Thankfully, in this case, it appears that Clare’s dedication has enabled the restoration of the house and it is now available for rent which will not only create an income but, perhaps most importantly, will ensure that the house is lived in, keeping it warm and ensuring any problems will be spotted quickly and dealt with.  Here’s hoping that one day, Clare’s hard work with be rewarded with her being able to move back in and live in her family’s home.

Official website: ‘Abbey Dore Court

Rental details: ‘Abbey Dore Court‘ [Sykes Cottages]

Programme to be broadcast at 20:00 on 15 April 2010 on Channel 4.

A problem shared? Whitbourne Hall visited by Country House Rescue

Whitbourne Hall, Herefordshire (Image: David Cronin on flickr)

The great wealth generated by the Victorians led to the creation of some of our grandest country houses.  Designed to impress guests and provide a showcase for the collections and taste of the owners, these houses were remarkable and beautiful expressions of the power and preferences of the age.  However, in the more straitened circumstances of the 20th-century, this left owners with running costs which far outstripped their wealth and which unfortunately led to hundreds of our country houses being demolished.

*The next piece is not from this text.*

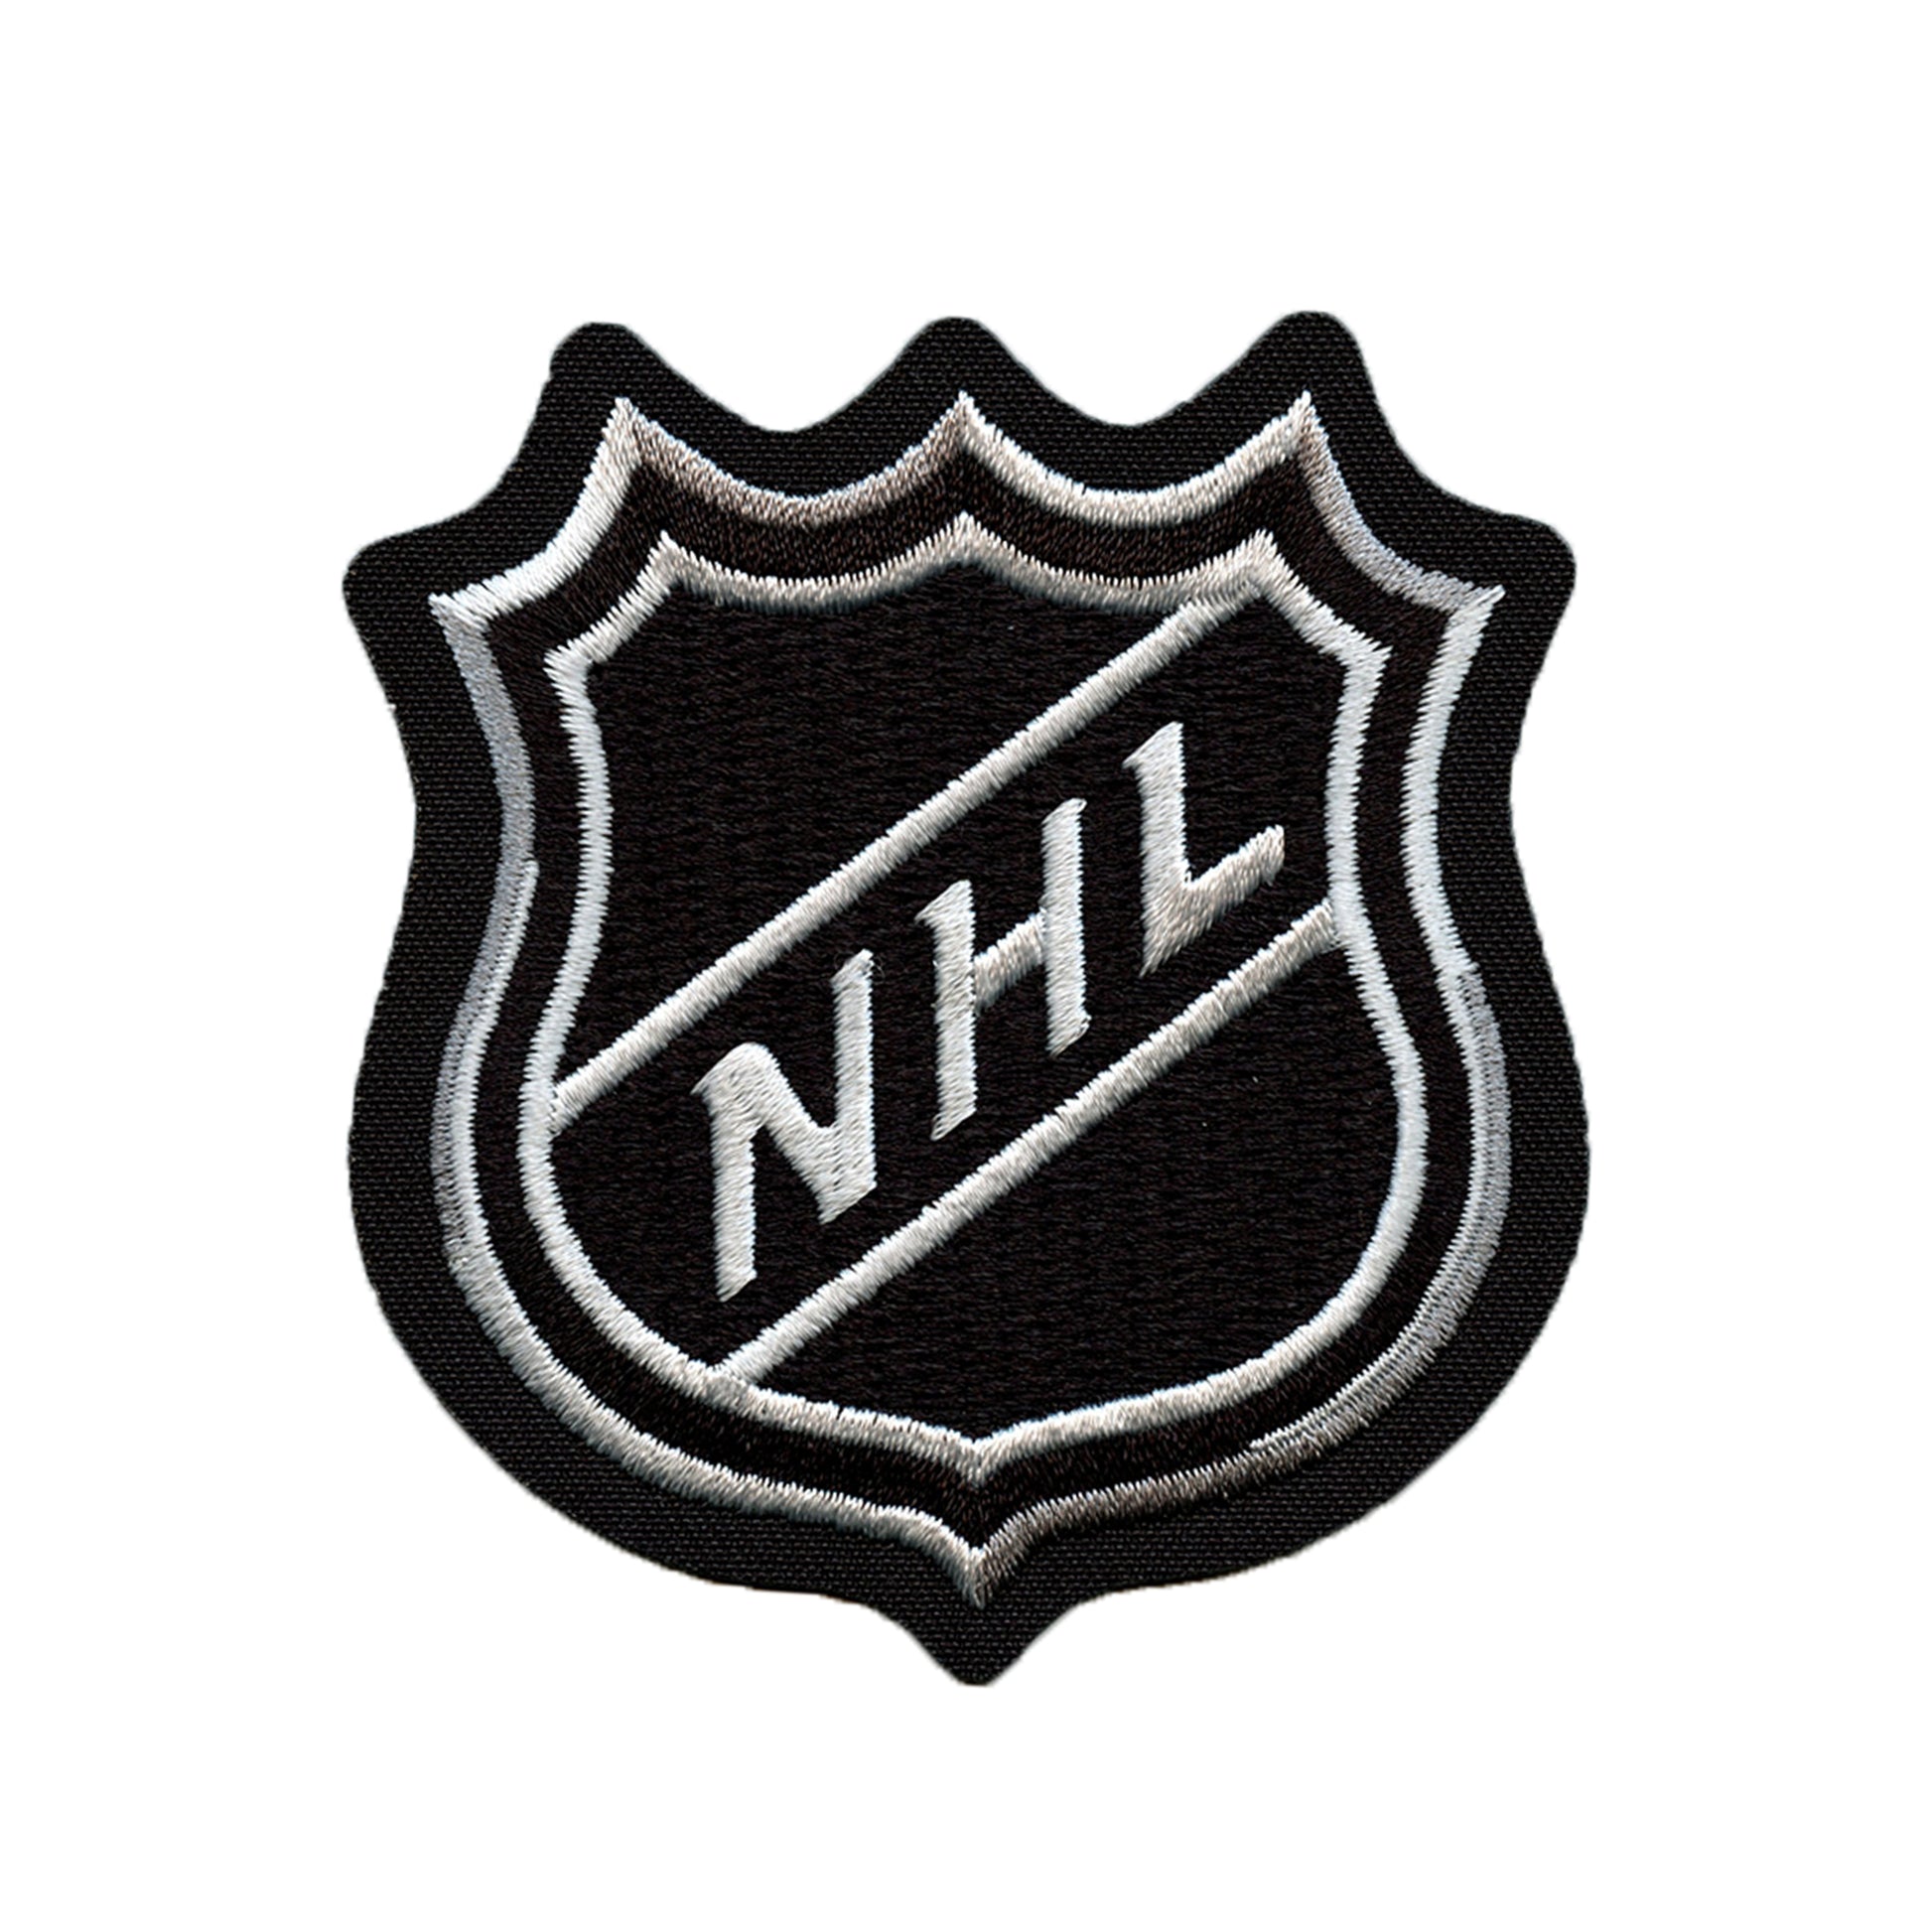 Garden State Shield White Hockey Jersey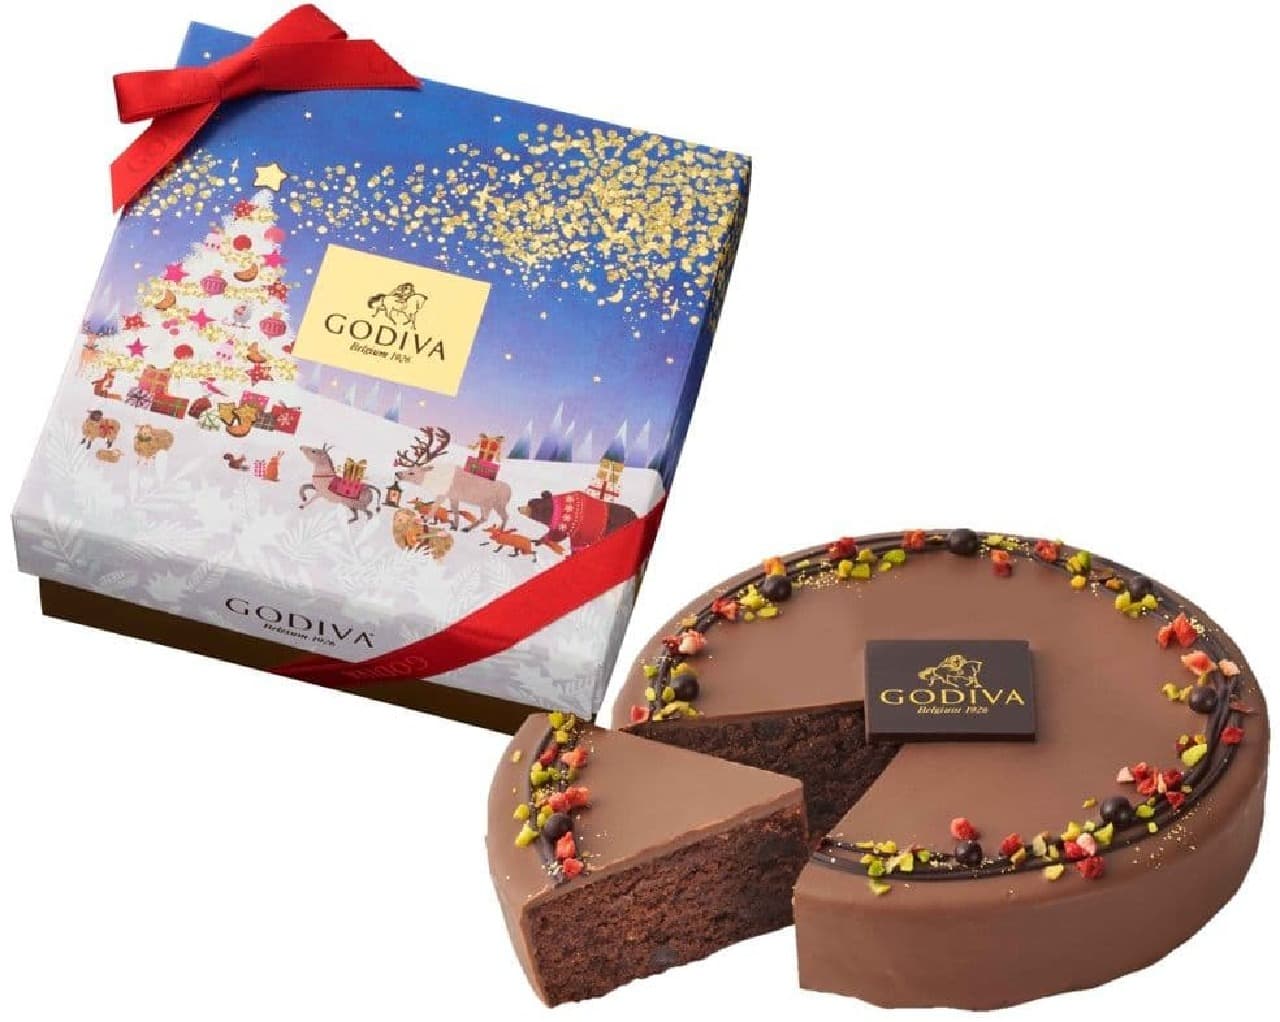 Godiva "Christmas Gateau au Chocolat

Some escaped the wreckers pickaxe through conversion into apartments – but this doesn’t always solve the questions about the long term sustainability of a house, as shown by the visit of the TV programme Country House Rescue to Whitbourne Hall in Herefordshire.

The grade-II* listed house was built for vinegar magnate Edward Bickerton Evans whose father founded the Hill Evans Vinegar works in Worcester in 1830, which was, by 1905, the biggest vinegar producer in the world.  As was standard practice for the discerning Victorian millionaire he decided to build a grand country house and chose a cornfield in Whitbourne as the perfect location.

Despite its Georgian appearance, it was built between 1860 and 1862 to a design by Edmund Wallace Elmslie and inspired by the Erectheum on the Acropolis in Greece. The house was a lavish example of neo-Palladian architecture with a six-column portico, whilst on the south front a huge orangery, now known as the palm house, was added in 1875 and was thought to be the tallest in Europe.  The interior features a fine pillared main Hall with a rare blue and white glass ceiling, and the main reception rooms retain many original features.  At it’s height in 1876, the estate extended to over 2,500 acres with the classically beautiful Whitbourne Hall sitting proudly at the centre.

Remarkably, the Hall remained in the Evans family until 1980, when it was purchased by Whitbourne Hall Community Ltd to be run as a communal housing project with individual apartments and set in eight acres of gardens.  This original arrangement floundered and a commercial company was created to run the house as a more conventional managed community of 23 apartments.  The main rooms have been preserved much as they were with the Morning and Drawing Rooms retaining their original wall coverings.  However the sheer scale of the house means that the average annual maintenance bill is about £42,000 – and due to extensive and significant work required to maintain a house of this quality, that bill is expected to double in 2011, posing serious problems for the residents.  Extensive restoration is now required as the house is now suffering from a catalogue of issues including failing plasterwork as water penetrates through the coffered ceiling of the main hall.    Curiously Whitbourne Hall doesn’t seem to be on the English Heritage Buildings at Risk Register – it would be interesting to know why not.

One of the perennial difficulties of owning a country house is not just the huge costs such as heating but also the ongoing maintenance (as demonstrated by the Earl Spencer’s sale), the costs of which, rise significantly the higher the classification.   With the paucity of public grants for maintenance it falls to the owners to seek innovative ways to make these wonderful houses financially self-sufficient if possible.  However, as Country House Rescue often shows, it’s the owners who can sometimes be the problem who need to be convinced before they become part of the solution.